[Data to use]
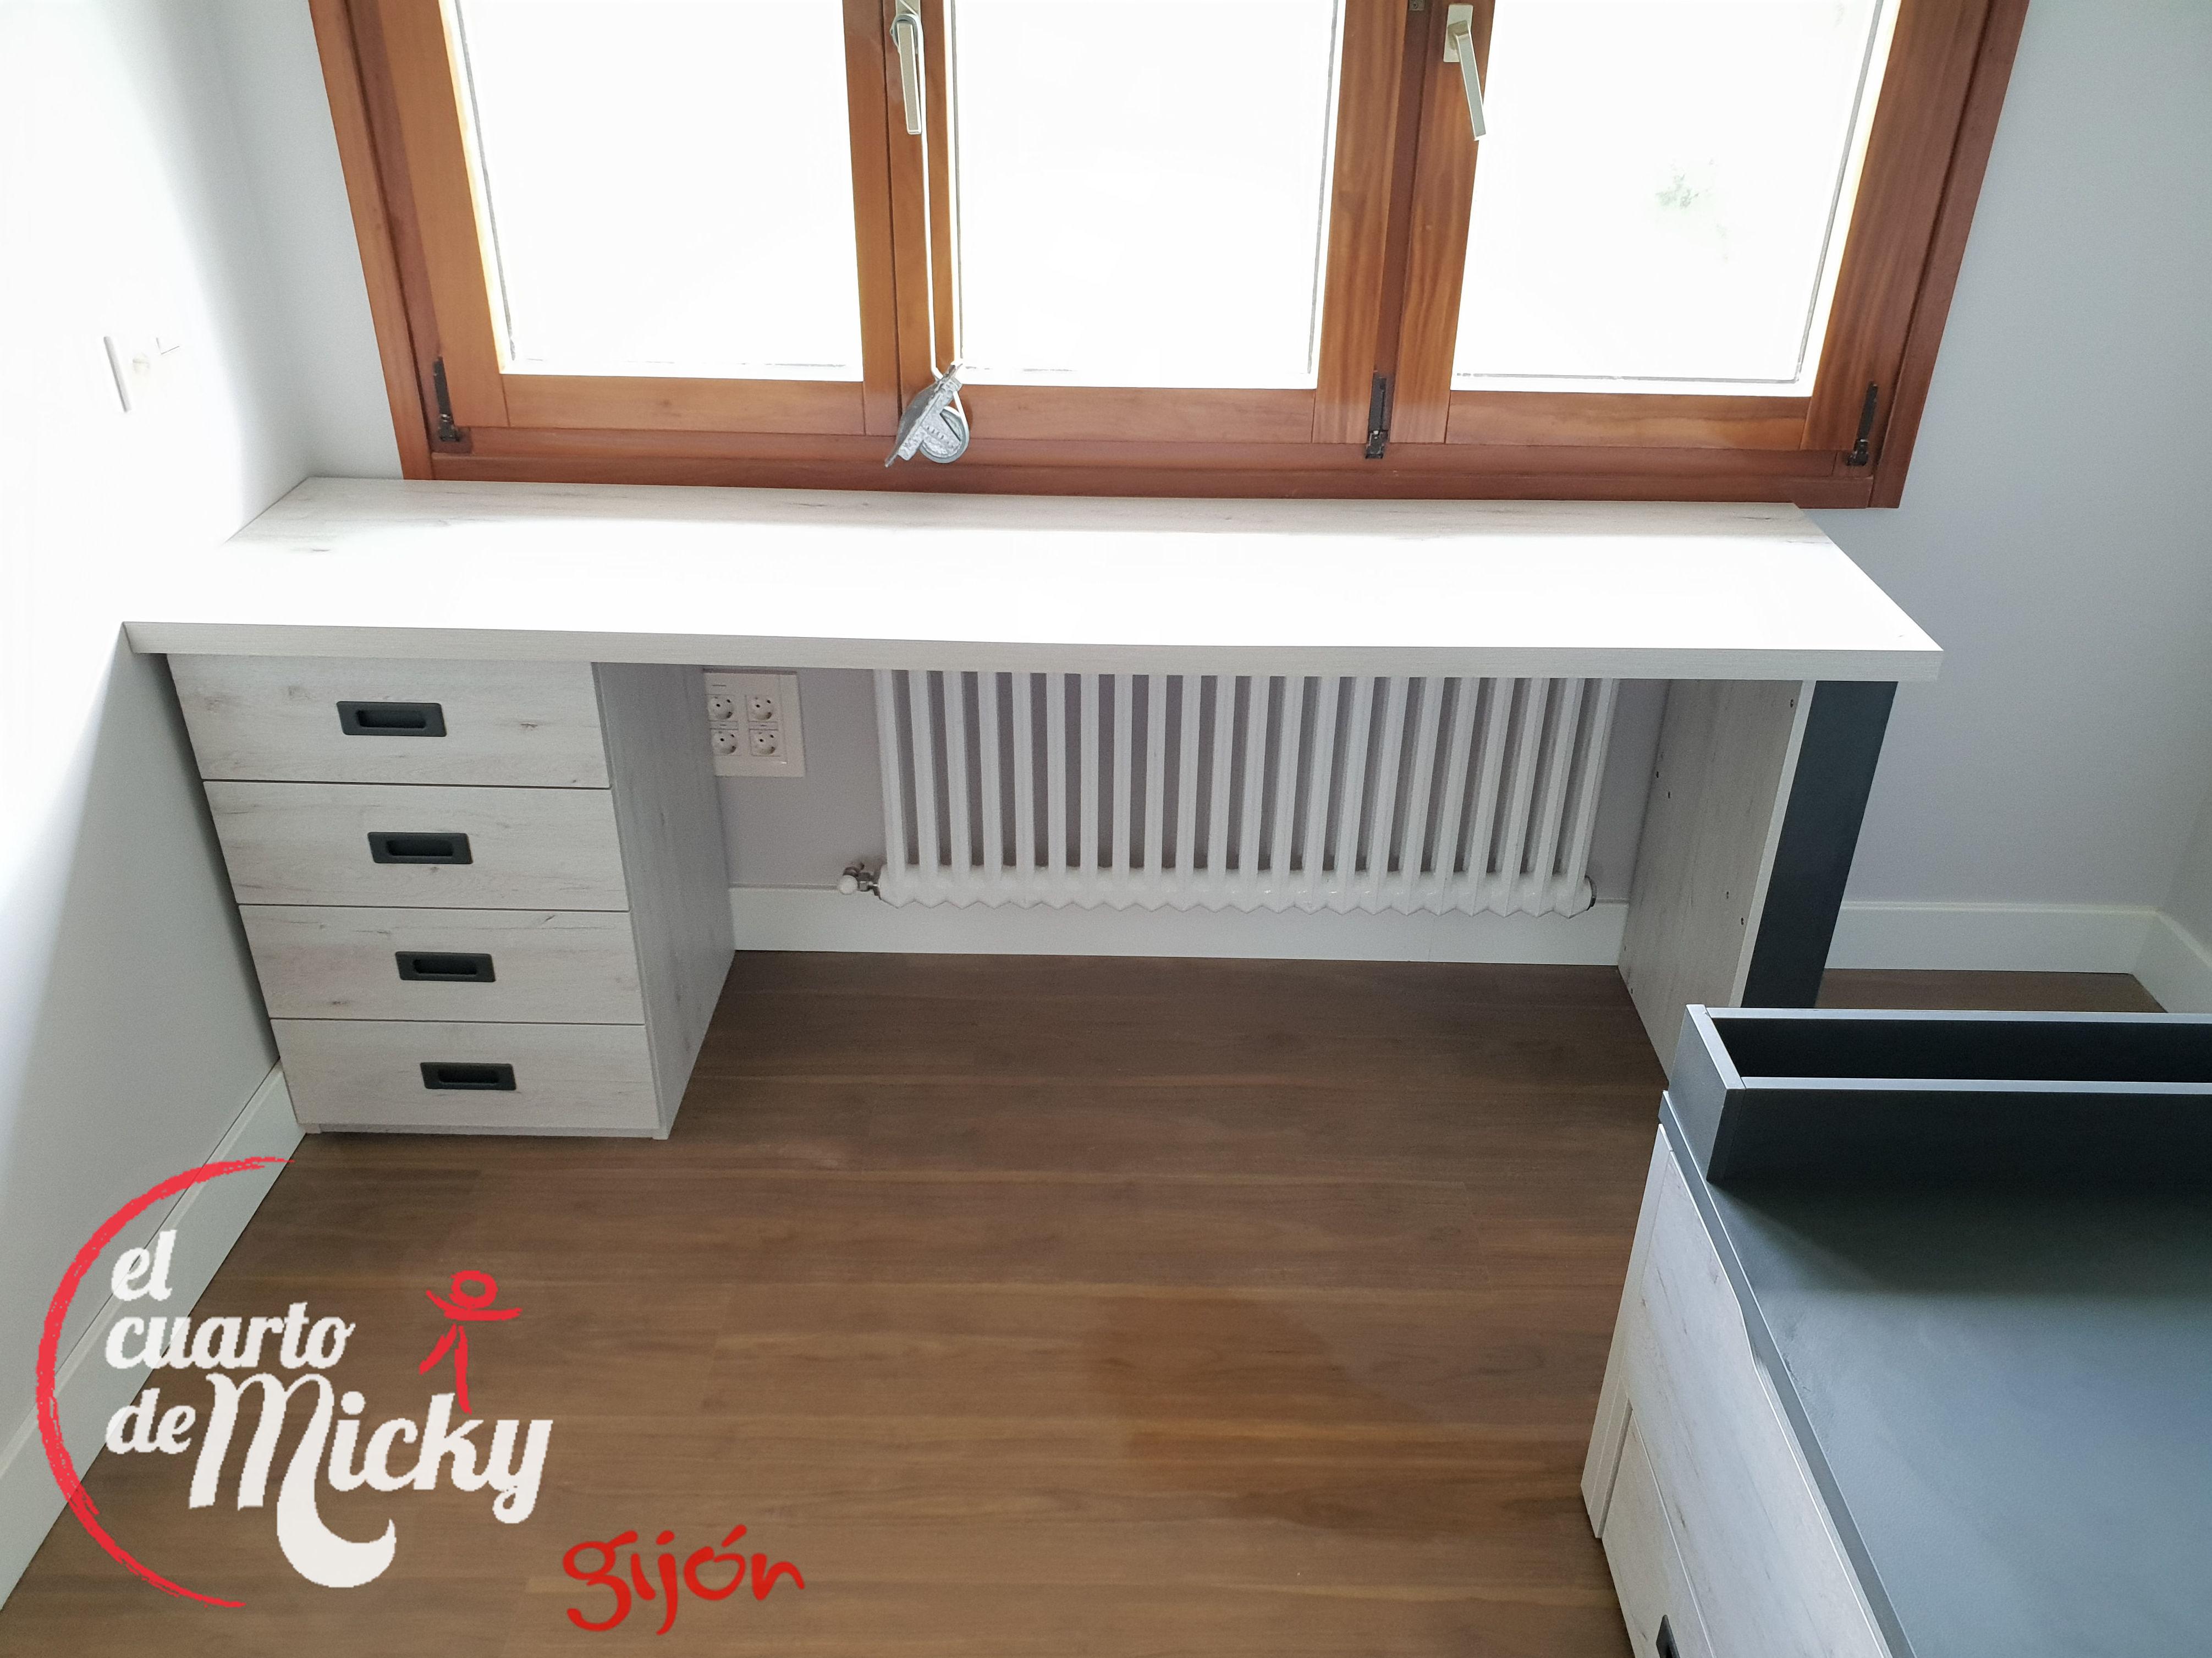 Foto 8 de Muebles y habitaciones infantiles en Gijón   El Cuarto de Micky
[/Data to use]
[Data to use]
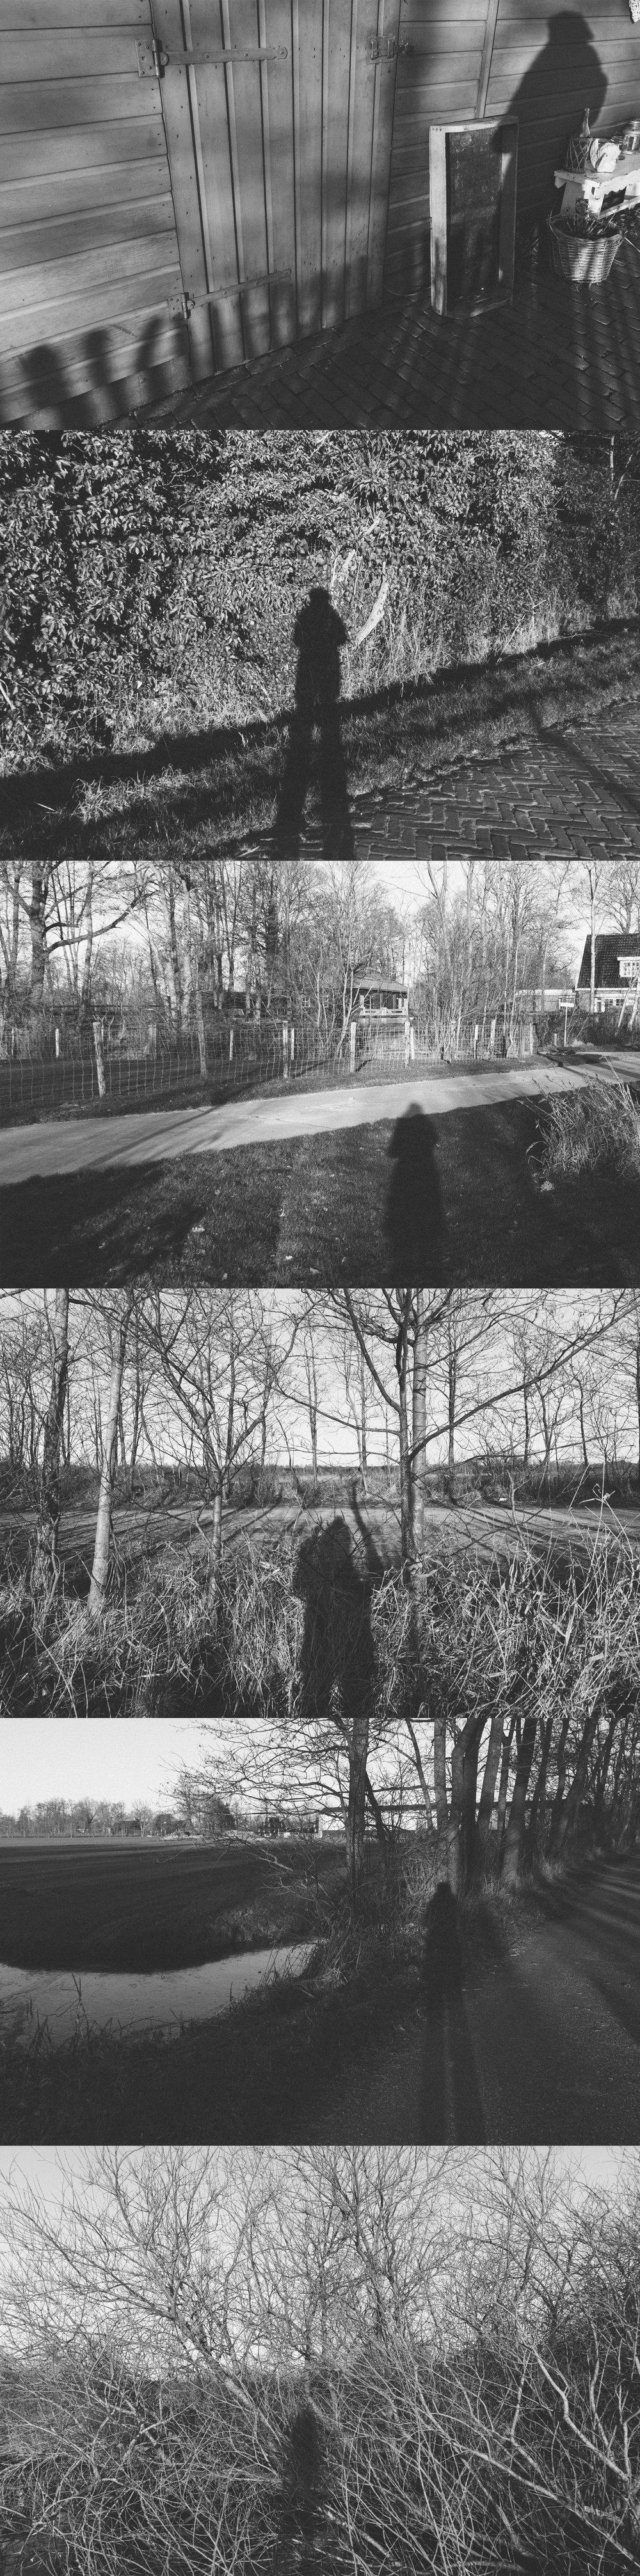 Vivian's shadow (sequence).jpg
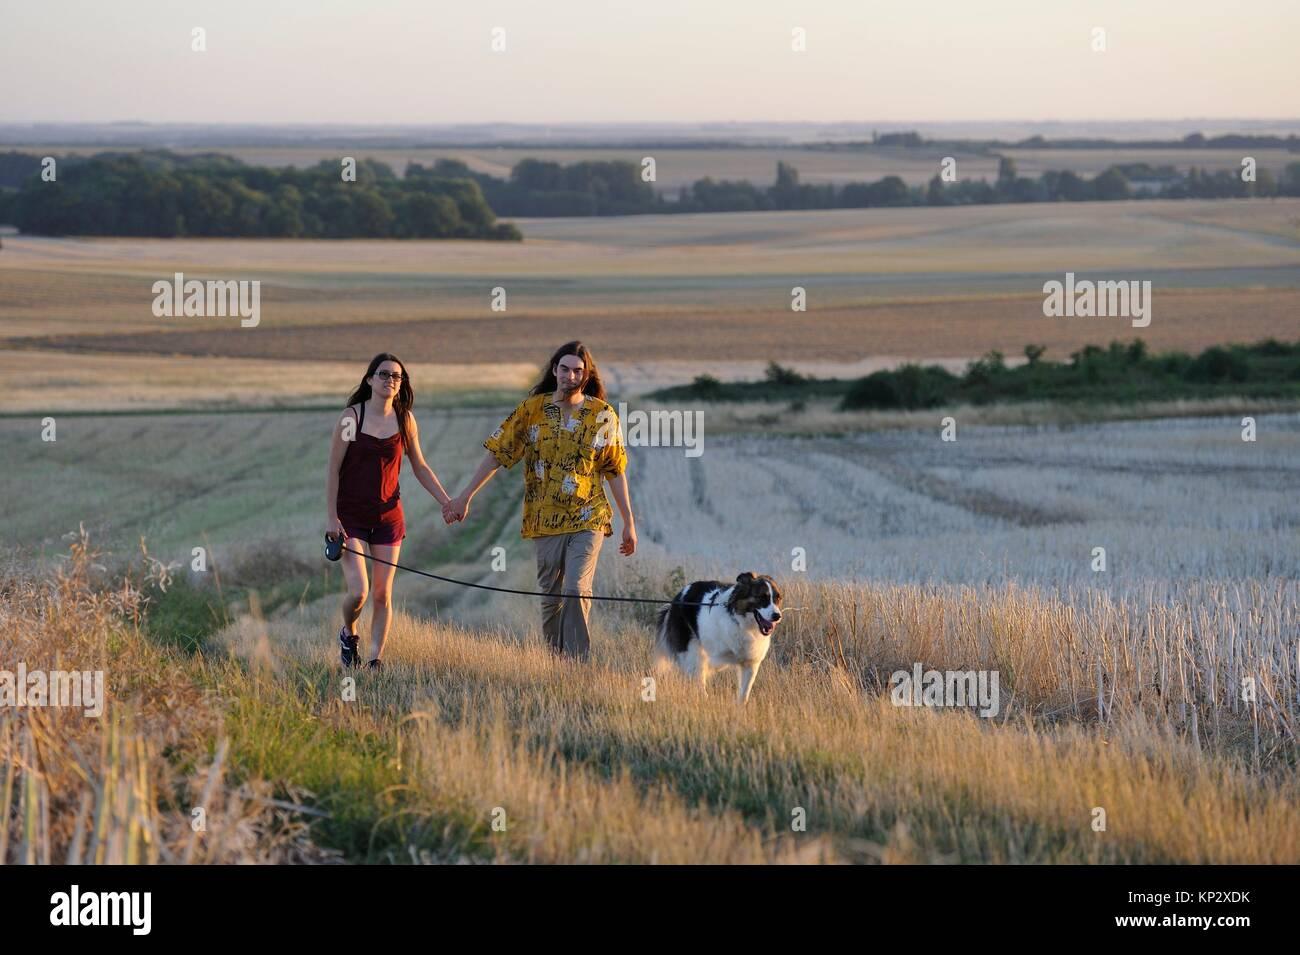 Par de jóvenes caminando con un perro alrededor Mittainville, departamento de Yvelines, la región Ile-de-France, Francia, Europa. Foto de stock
[/Data to use]
[Data to use]
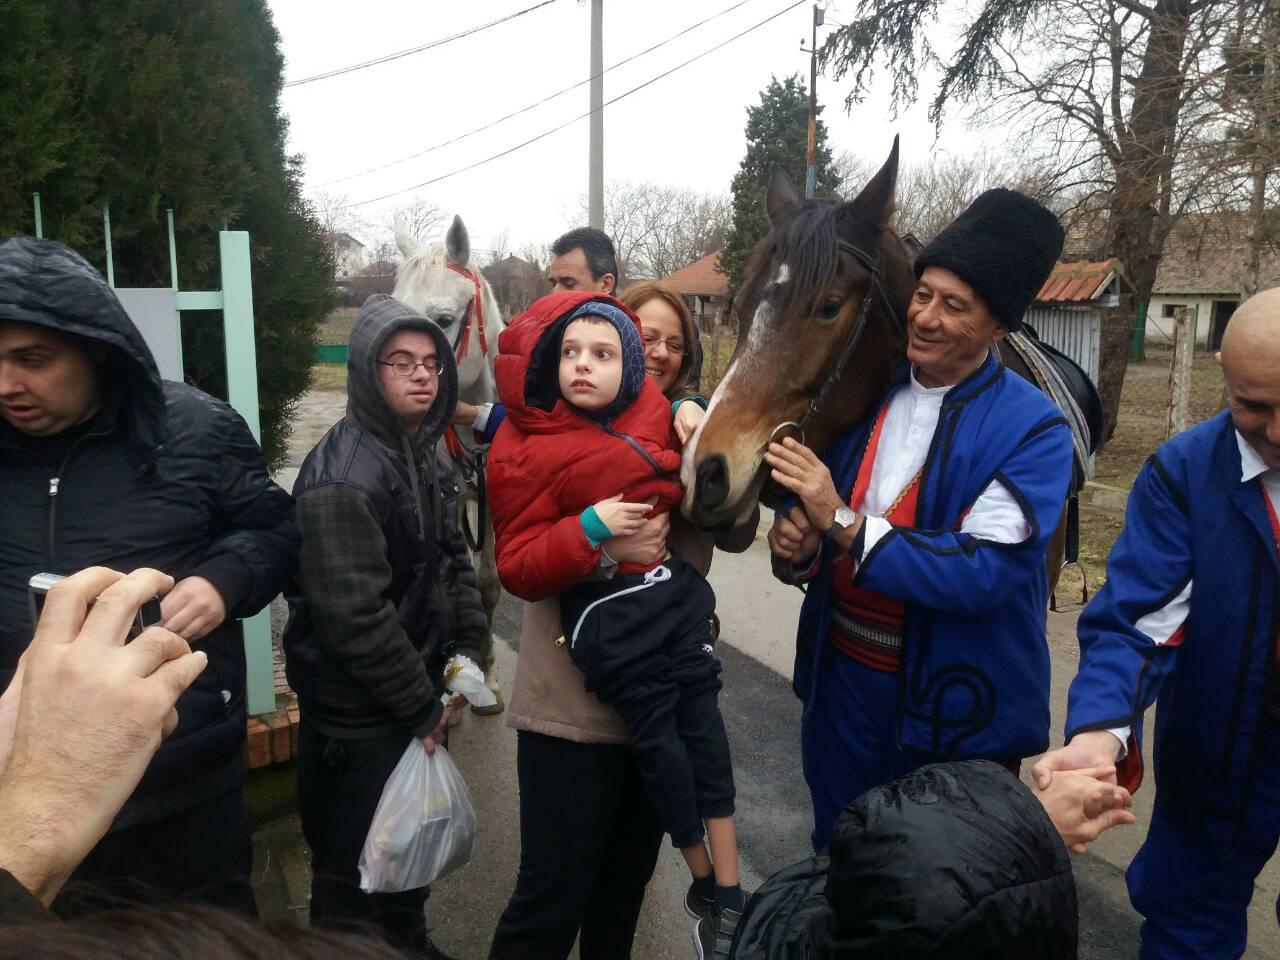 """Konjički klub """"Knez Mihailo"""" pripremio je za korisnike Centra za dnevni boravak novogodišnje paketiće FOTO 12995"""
[/Data to use]
• _Exercise objective_: Copy word for word the lines above, starting at the line containing "Vivian's shadow (sequence).jpg" and ending at the line containing "Par de jóvenes", inclusive, with no pictures.

• _Solution below_:
 Vivian's shadow (sequence).jpg
 Par de jóvenes caminando con un perro alrededor Mittainville, departamento de Yvelines, la región Ile-de-France, Francia, Europa. Foto de stock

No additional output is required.